# Risks of low testosterone.



## Jetsune Lobos (Apr 23, 2012)

dvnj22 said:


> No, I had the gay virus vaccine last year.


Fucking. Nascar.


----------



## William I am (May 20, 2011)

Risks of untreated low-testosterone - defined to be below "300 ng/dl" (more like below 500, but whatever) and requiring treatment if below 150 ng/dl - include:

Depression
Anxiety
Obesity (inability to lose fat and gain muscle)
Osteoporosis if it goes untreated long enough
Low energy (chronic fatigue, waking up feeling like you didn't sleep, can't walk a mile without taking a break or feeling like you want to die)
Difficulty concentrating
Aching/sore joints for no apparent reason
ED issues
Low motivation and self-control
Poor self-esteem.


You don't need to take synthetic testosterone unless you're Primary - e.g. something is wrong with your testes - because there are other treatments available. You can either take Clomid tablets, or HCG injections, both of which will "naturally" raise your testosterone using your body's hypothalamic-pituitary-gonadal-axis (HPGA). Clomid binds with the sites in your hypothalamus and blocks testosterone from binding to them. This causes your body to produce more FSH and LH to tell your testes to generate more testosterone. 

Synthetic testosterone will make it harder for you and your body to raise your levels back up to normal because it will suppress testicular function, and they will atrophy (shrink and/or become less able to function) temporarily. Synth T also disrupts production of sperm cells once the testes stop producing T.

I have secondary idiopathic hypogonadism. My levels on the first 3 tests were, 235, 140, 305 ng/dl. The shots had them up to 700-1050 ng/dl, and with the clomid, I'm sitting comfortably at 700. 
I never tried the HCG, but I did synthetic T shots for 9 months and I felt almost as bad as when I didn't take the shots. Now that I've gotten on clomid, all of my issues except occasional ED and being overweight (working on that now) have improved or altogether disappeared.
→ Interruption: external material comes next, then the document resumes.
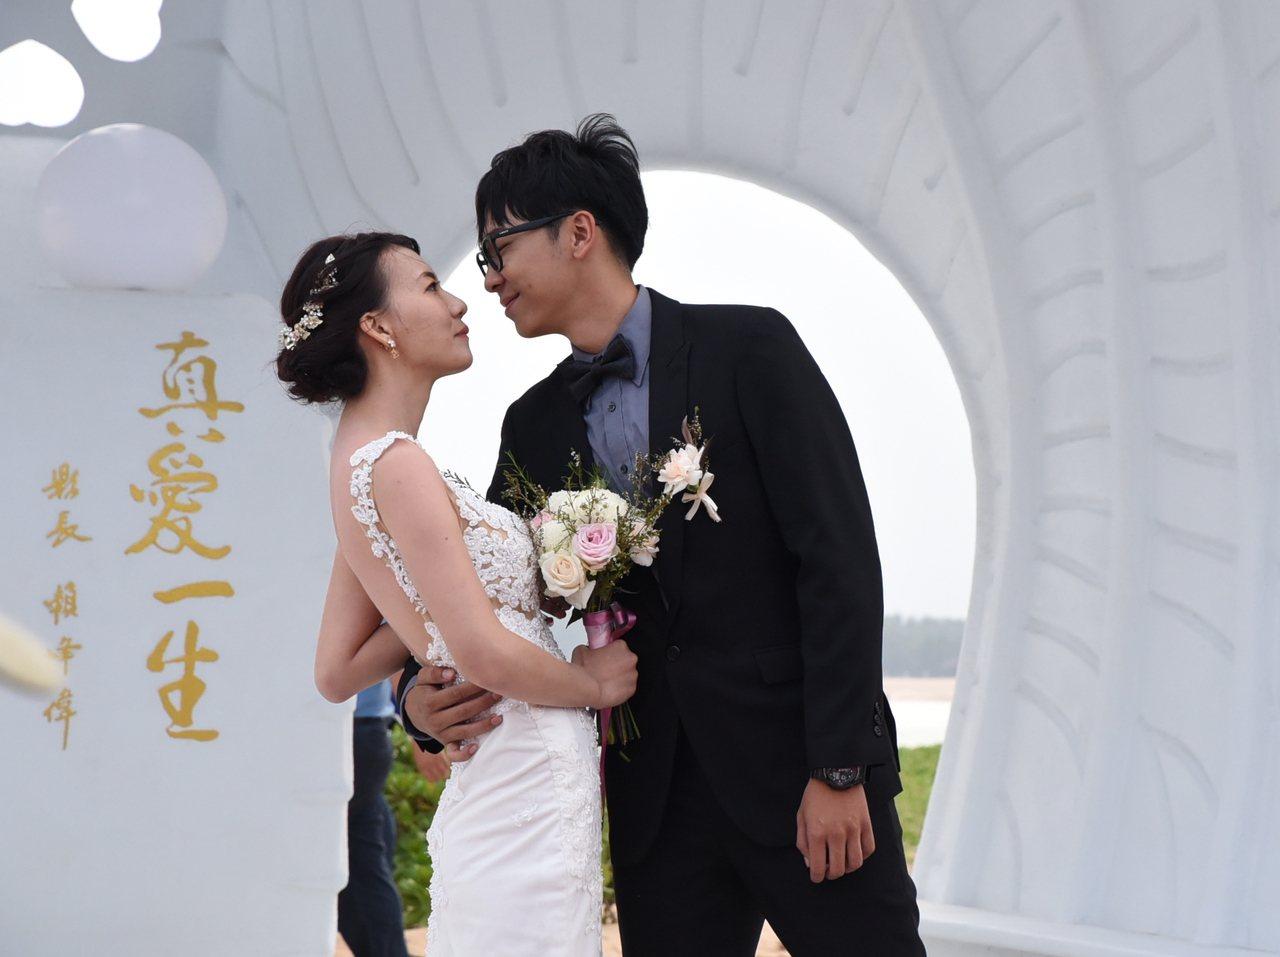 「情定澎湖灣」海島世紀婚禮 新人貝殼教堂前情定一生

How overweight are you? (US Navy Calculator - Body Fat Calculator will give your a body fat percentage that's quite accurate)
How low were your levels?


THIS IS NOT YOUR FAULT. THERE IS NOTHING YOU CAN DO TO SIGNIFICANTLY RAISE YOUR LEVELS WITHOUT MEDICATION. 
Keeping yourself from masturbating is stupid and useless (raised T levels 70 ng/dl in the study group that did it, which is less than 10% increase compared to ideal levels - in other words, no useful effect). Exercise may help, and losing weight may help, but they both help because they wind up giving you more free/bioavailable testosterone more than total testosterone. I weight 230 at about 24% body fat. The specialist in men's reproductive health (a urologist) told me that your testosterone won't be significantly dropped from obesity until around 300lbs. 

I've been going to the gym the last month or so, and finally went twice last week, shooting for 3 times this week. I expect to be able to lose about 20-30 lbs and get back to ~15% body fat, which is where I was 3 years ago.
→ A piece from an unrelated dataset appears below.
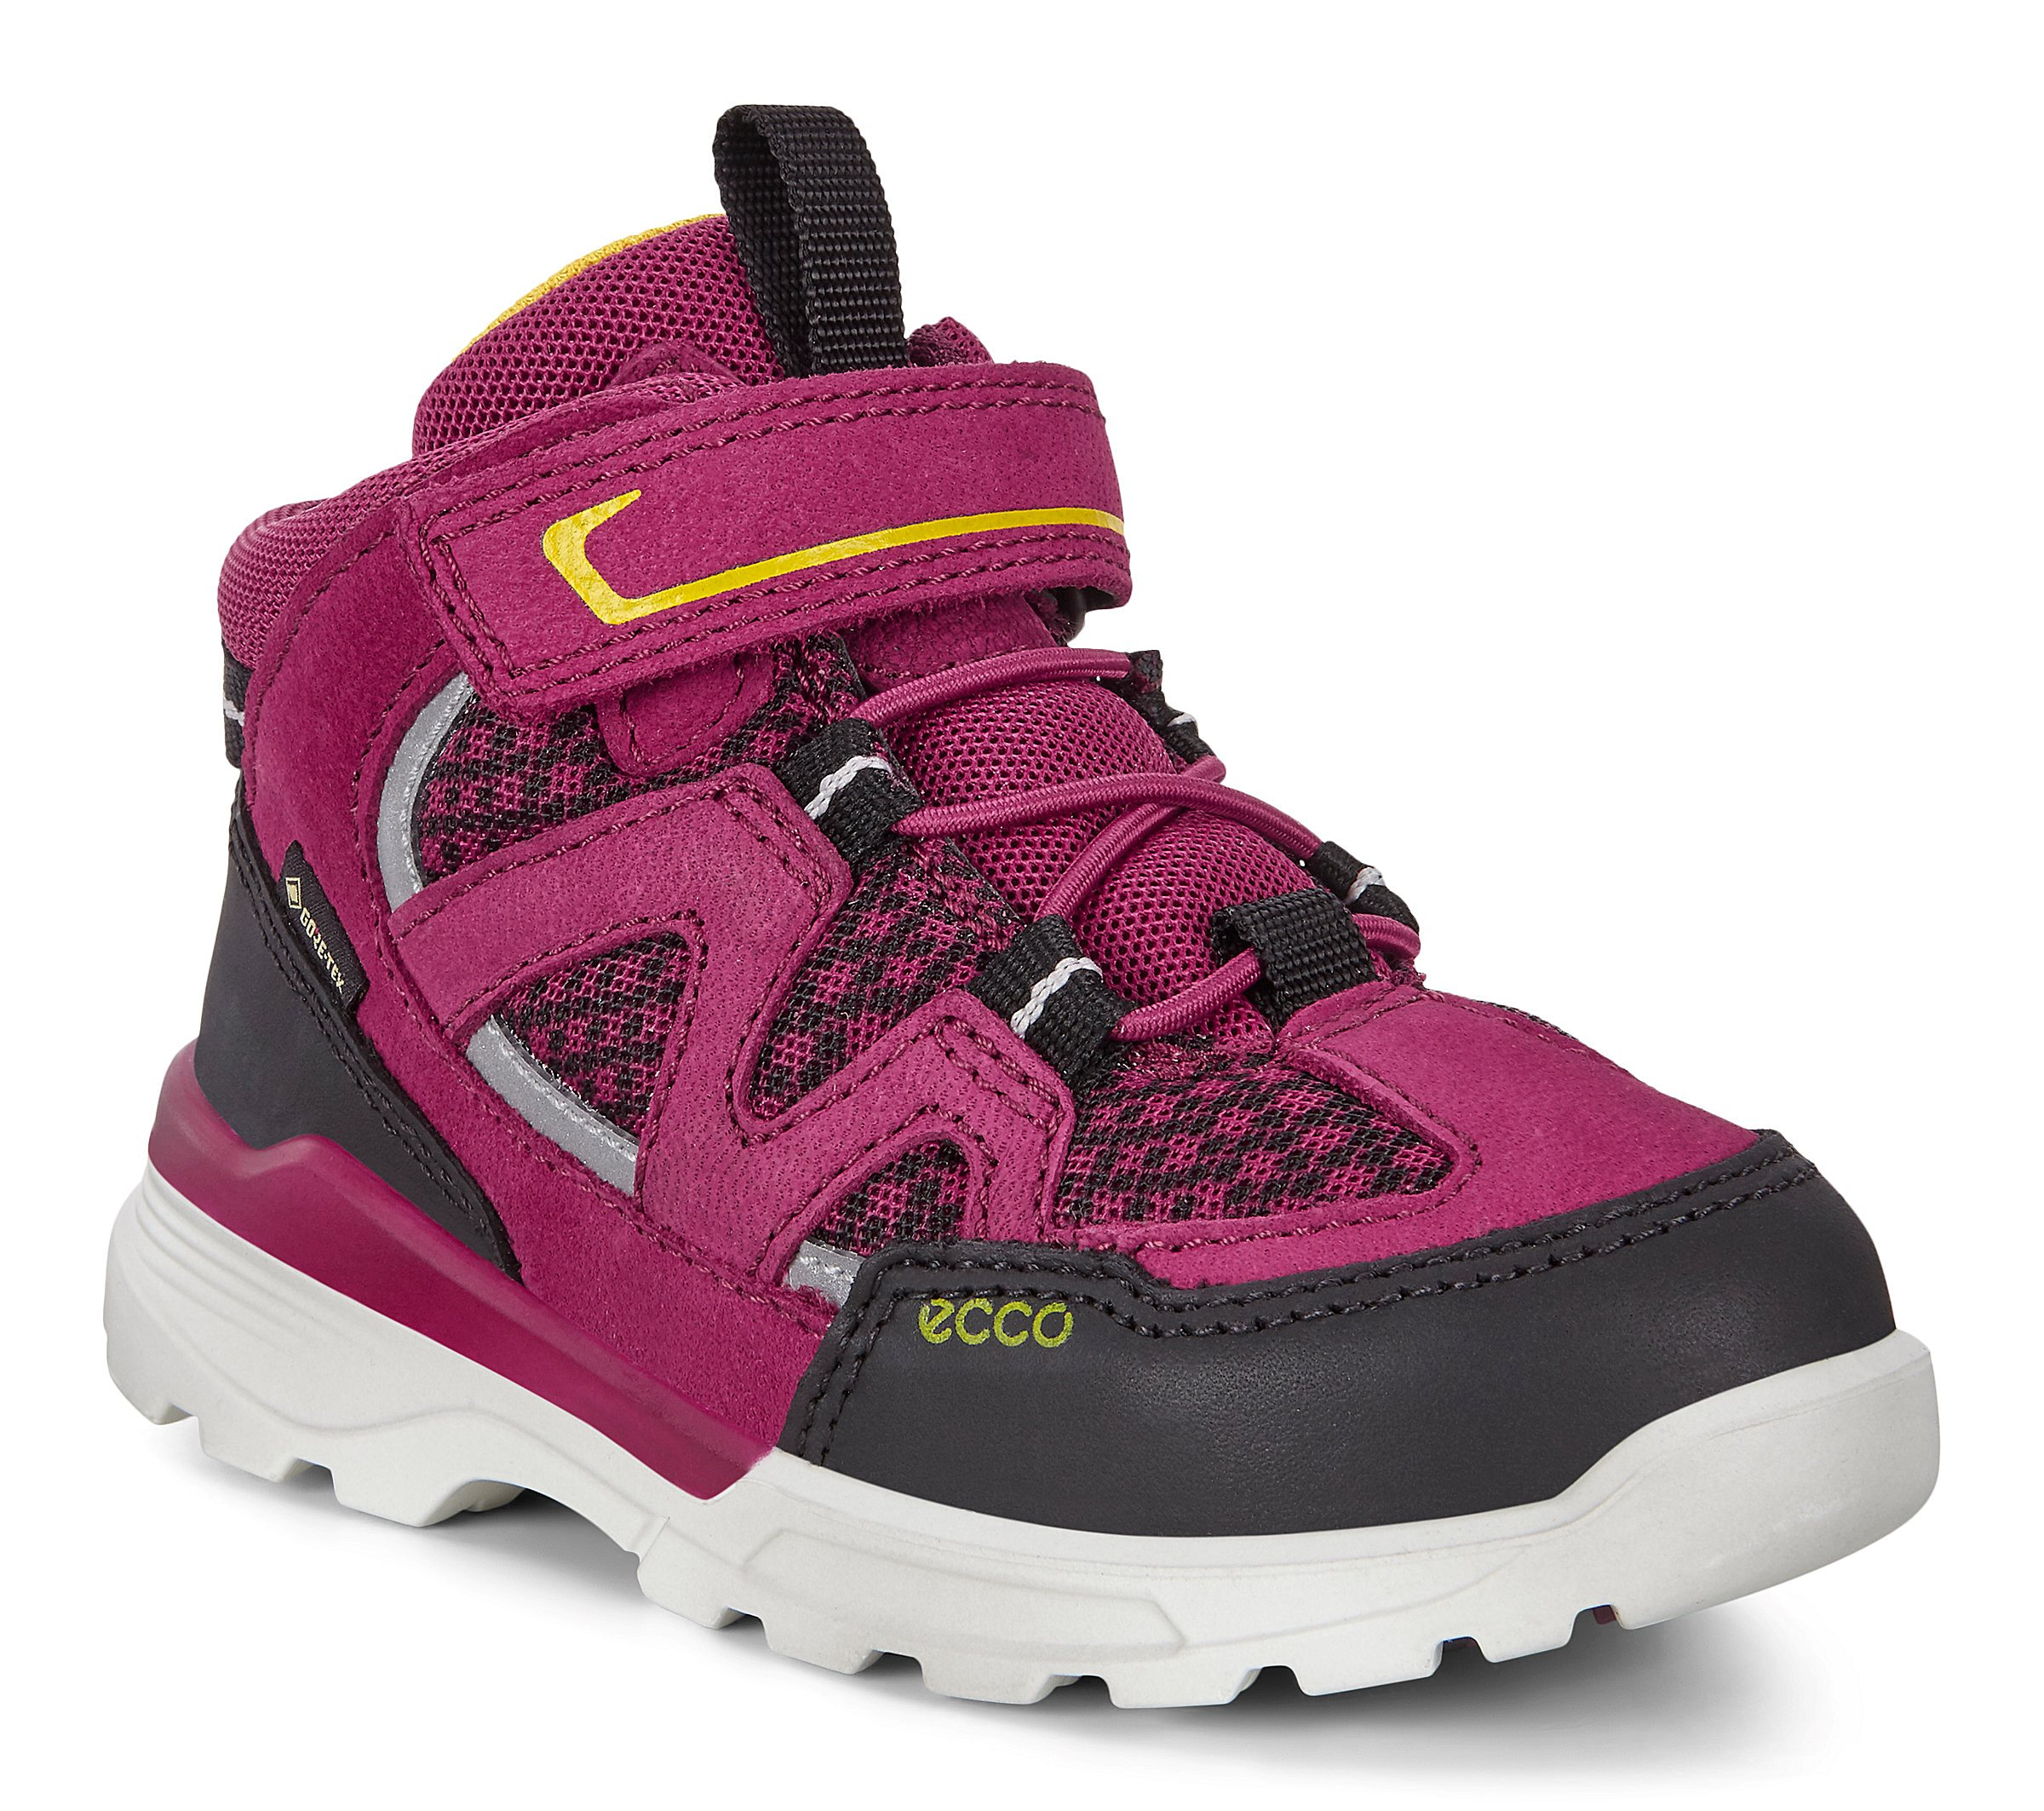 Le Pour EnfantsAchetez Chaussures Sur Site Officiel Ecco® hdtQrCs

This is the first time in 10 years that I feel like I could run a mile and not think I'm going to die.


----------



## Death Persuades (Feb 17, 2012)

dvnj22 said:


> Yes this is something I have considered. I actually don't know if I compelled puberty or not, I have not asked my drs. And for he record I never said I didn't want sex, but that it's better for me and others not to have sex.


Aanyway, if you have not completed puberty, then you may have a small Adams apple, non-broad shoulders, index and ring fingers will be close in lenght, your penis will not grow as much... I had low testosterone during puberty and it never really affected me greatly, except maybe my slightly below average penis (but it mostly affects me mentally, as only one person out of all my partners has complained about that)


----------



## Toru Okada (May 10, 2011)

dvnj22 said:


> I have low testosterone but I don't want to take the medicine, what are the risks if I don't?
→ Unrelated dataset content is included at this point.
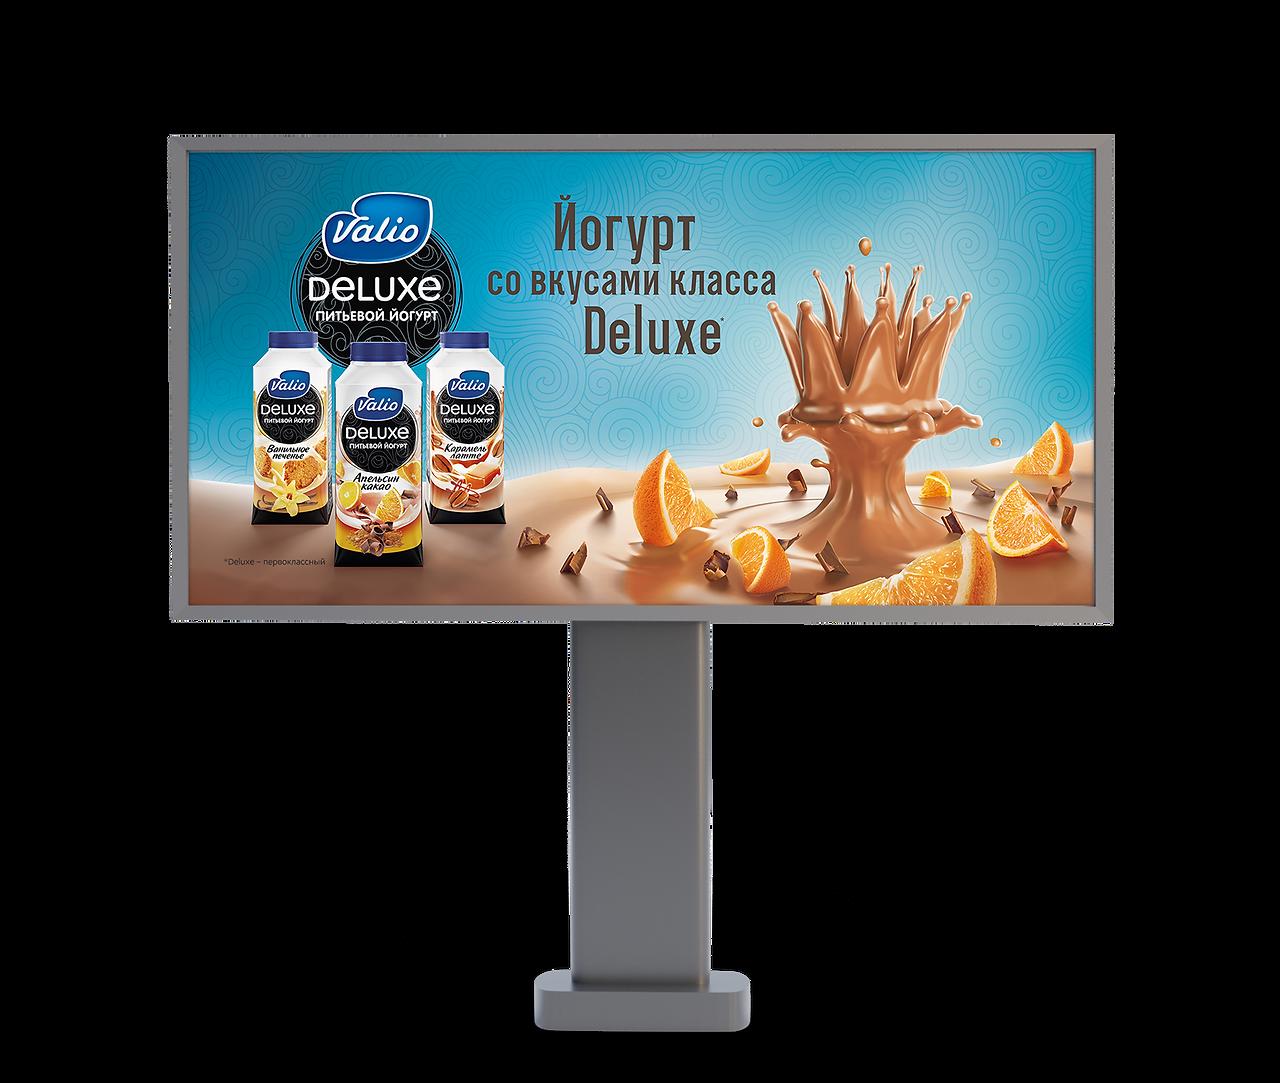 Kollegi CA. Valio Deluxe Йогурт реклама плакат

Becoming a transcended post-human devoid of primal distractions.


----------



## dvnj22 (Apr 24, 2013)

Diligent Procrastinator said:


> Aanyway, if you have not completed puberty, then you may have a small Adams apple, non-broad shoulders, index and ring fingers will be close in lenght, your penis will not grow as much... I had low testosterone during puberty and it never really affected me greatly, except maybe my slightly below average penis (but it mostly affects me mentally, as only one person out of all my partners has complained about that)


thanks, I've decided to take the gel. If I get any bad side affects I'll look for something else. 

personally my Adams apple isn't visible. I do have broad shoulders, not sure about my fingers, my erect penis is well below average, but the drs say it's within normal range.


----------



## Toru Okada (May 10, 2011)

dvnj22 said:


> thanks, I've decided to take the gel. If I get any bad side affects I'll look for something else.
> 
> personally my Adams apple isn't visible. I do have broad shoulders, not sure about my fingers, my erect penis is well below average, but the drs say it's within normal range.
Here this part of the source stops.